### WHAT YOU ARE ASKED TO DO
Return the material below exactly, but only from the line with "Bamboo Table Lamp - Il Paralume Marina" through the line with "The Color Dungeon", and without its pictures.

### DATASET RECORDS
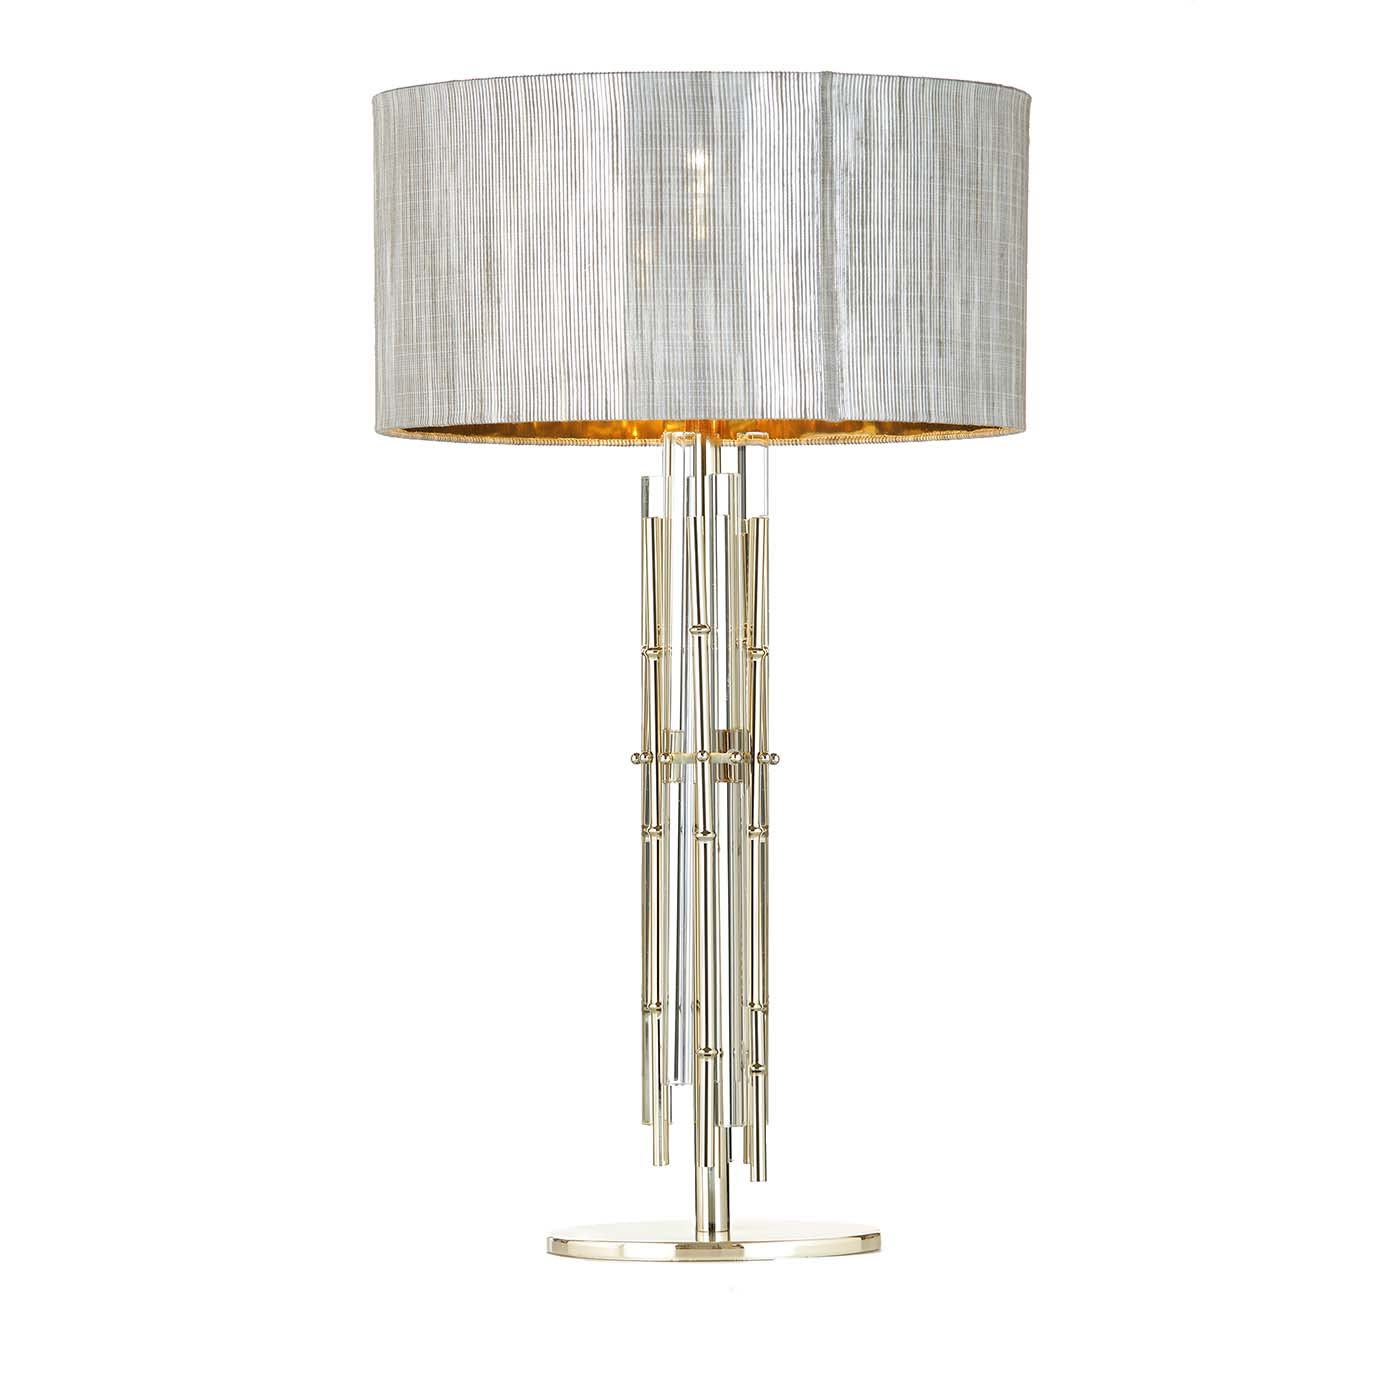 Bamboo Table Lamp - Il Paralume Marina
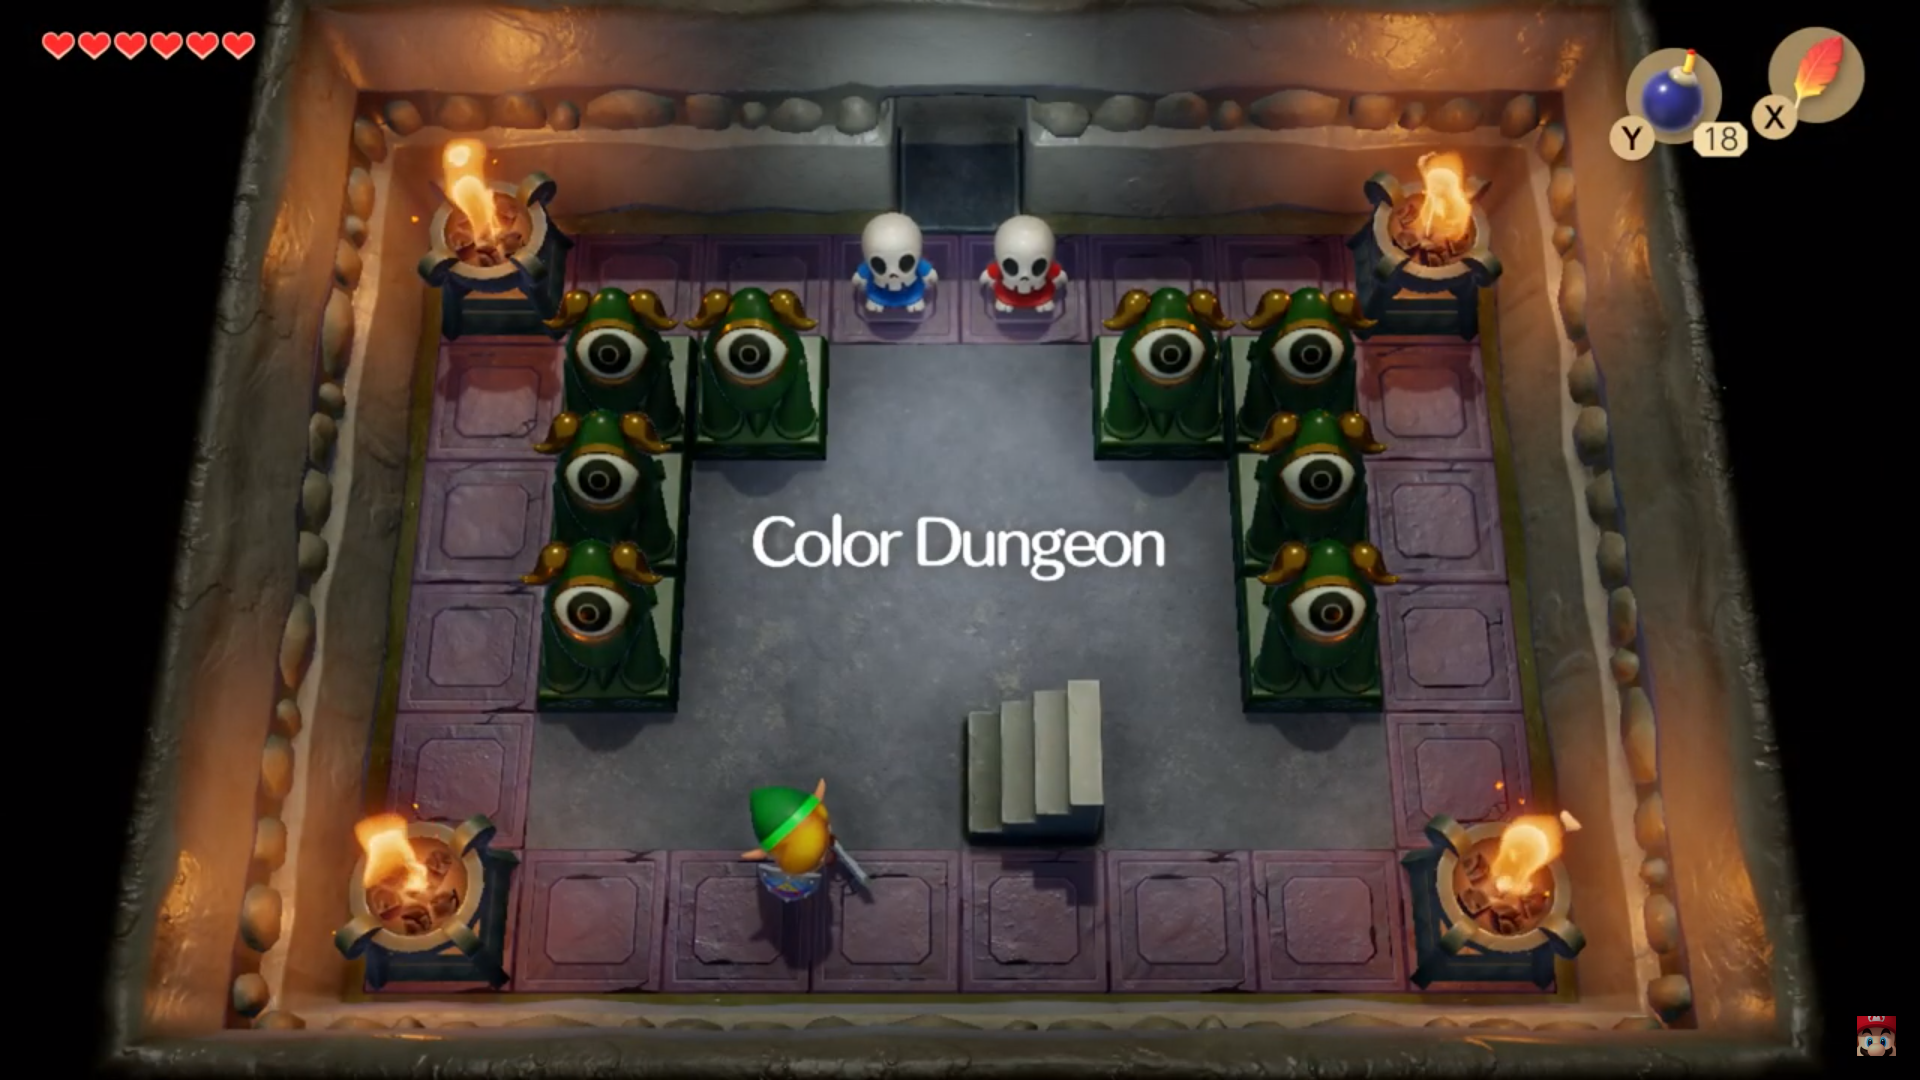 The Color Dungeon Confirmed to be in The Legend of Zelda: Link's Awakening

...

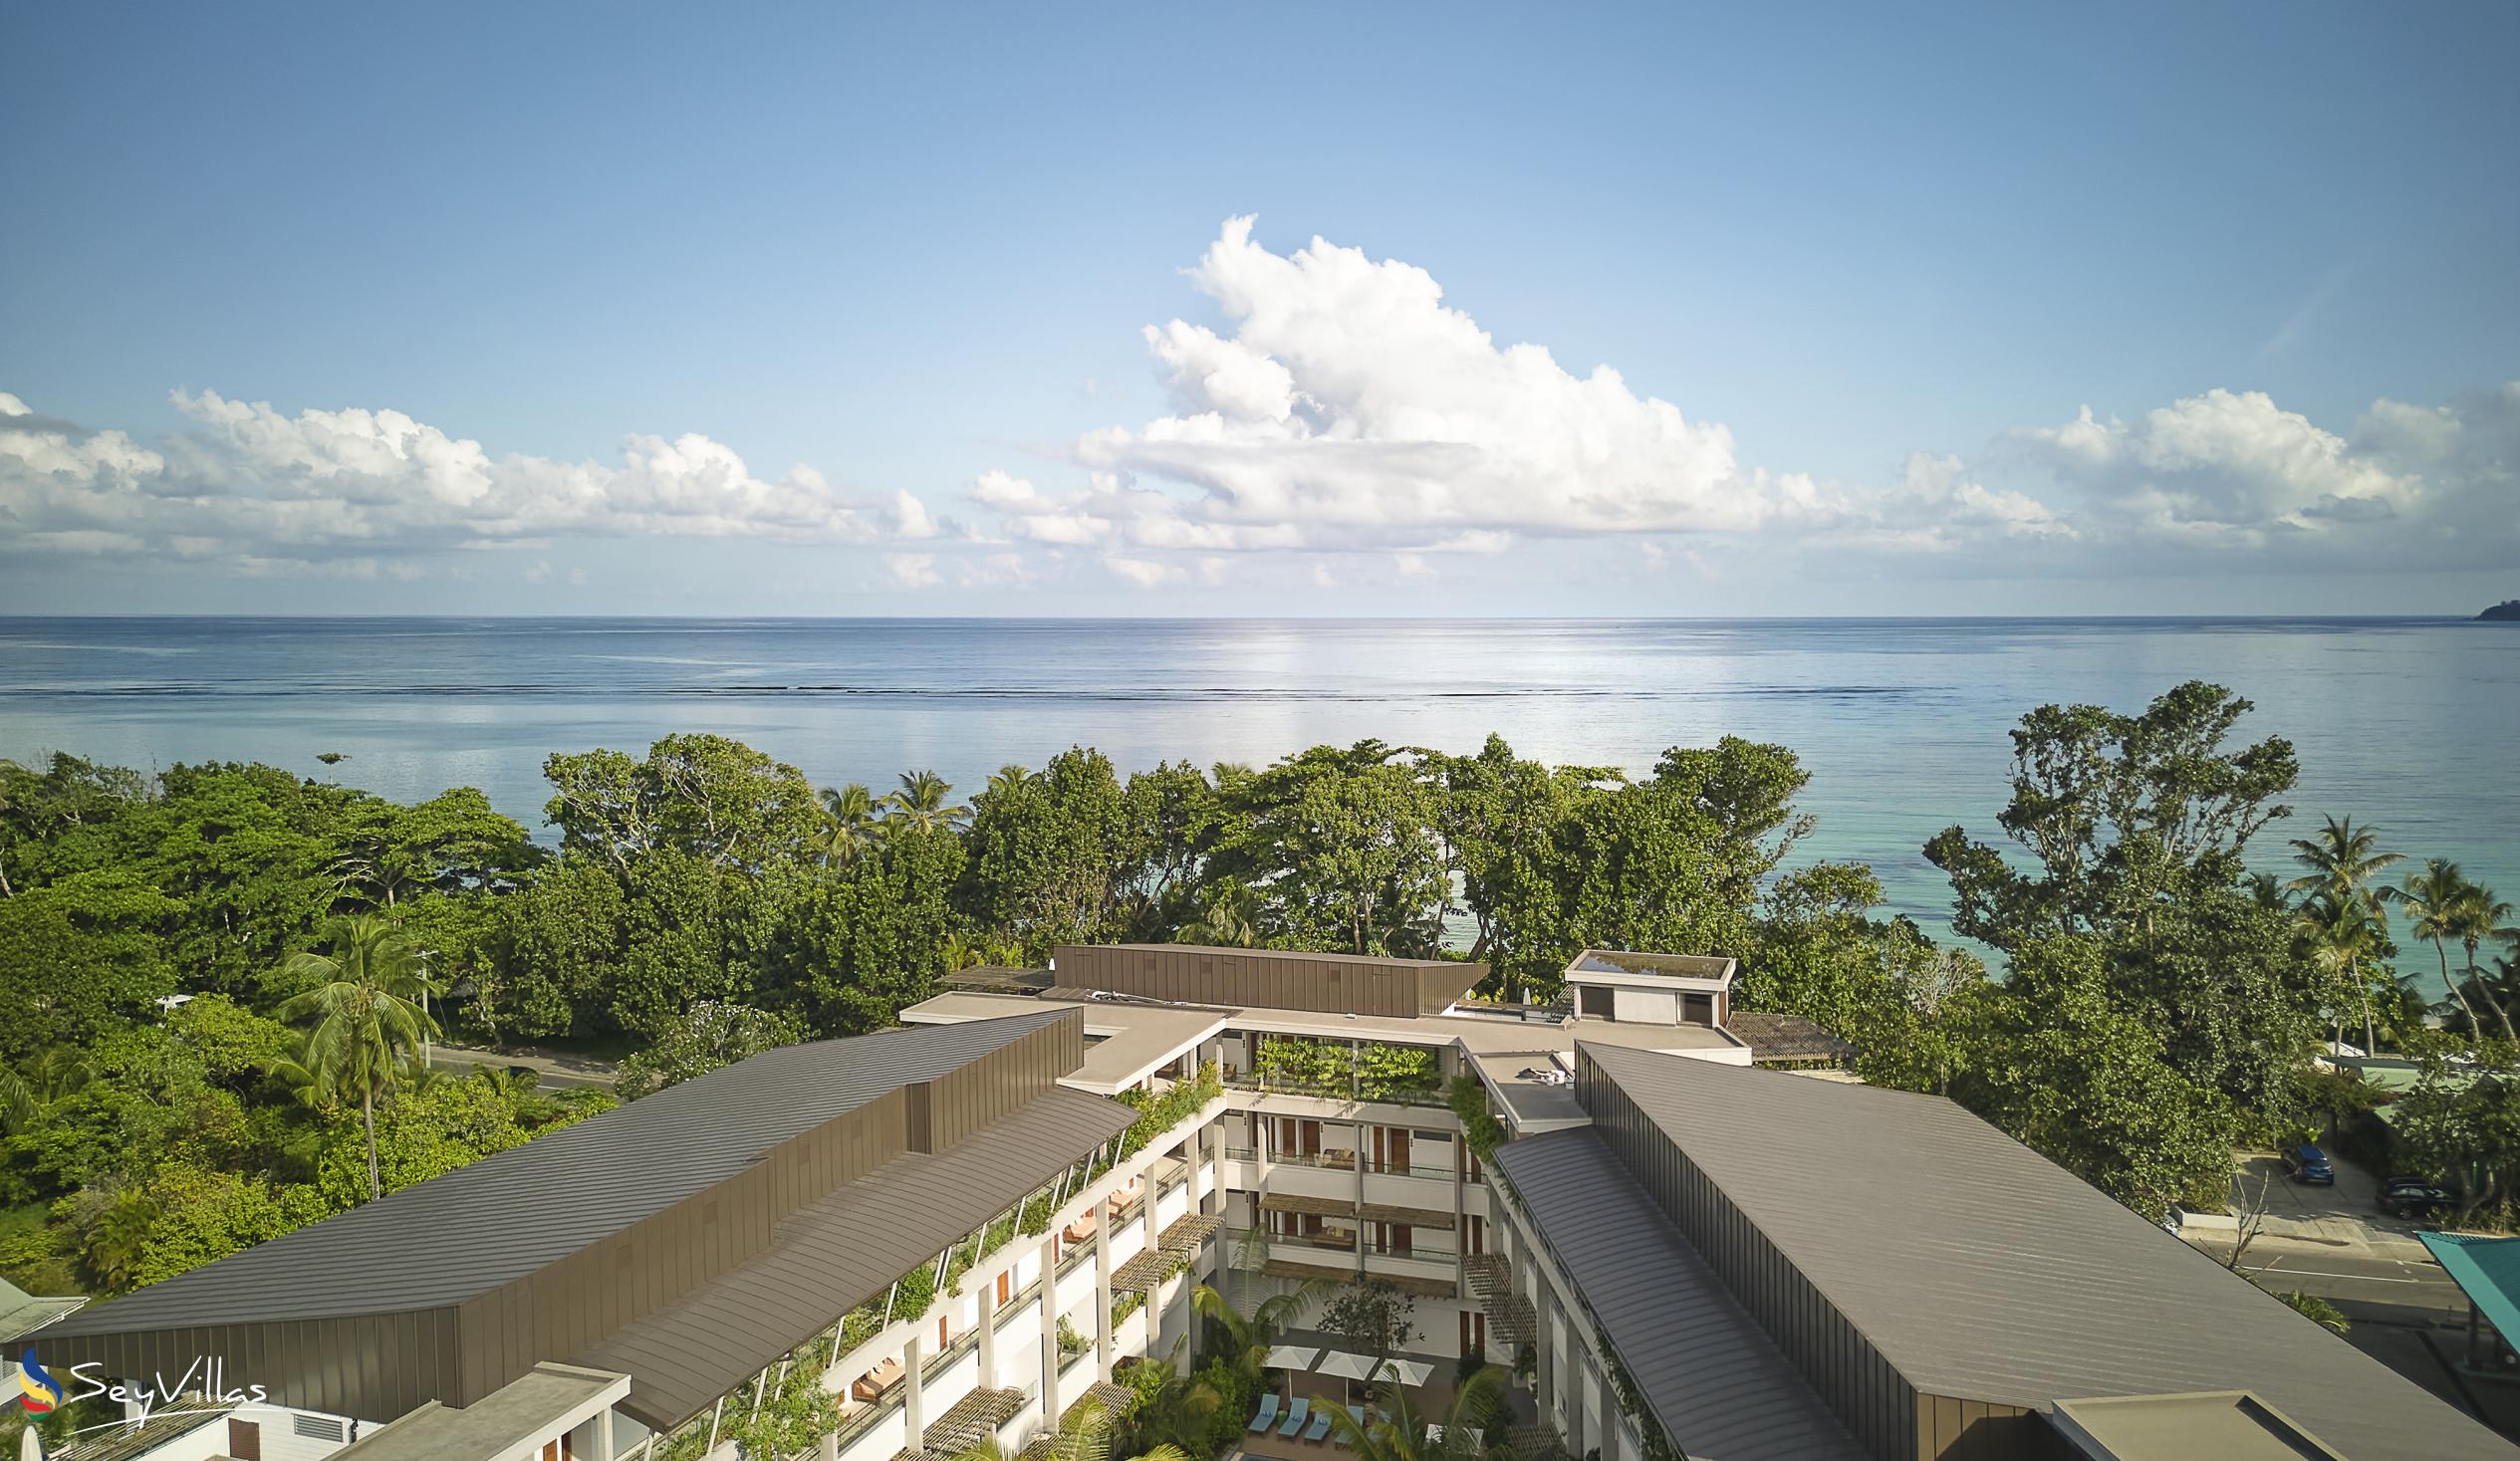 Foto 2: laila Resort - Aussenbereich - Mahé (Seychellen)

### ANSWER BOX
 Bamboo Table Lamp - Il Paralume Marina
 The Color Dungeon Confirmed to be in The Legend of Zelda: Link's Awakening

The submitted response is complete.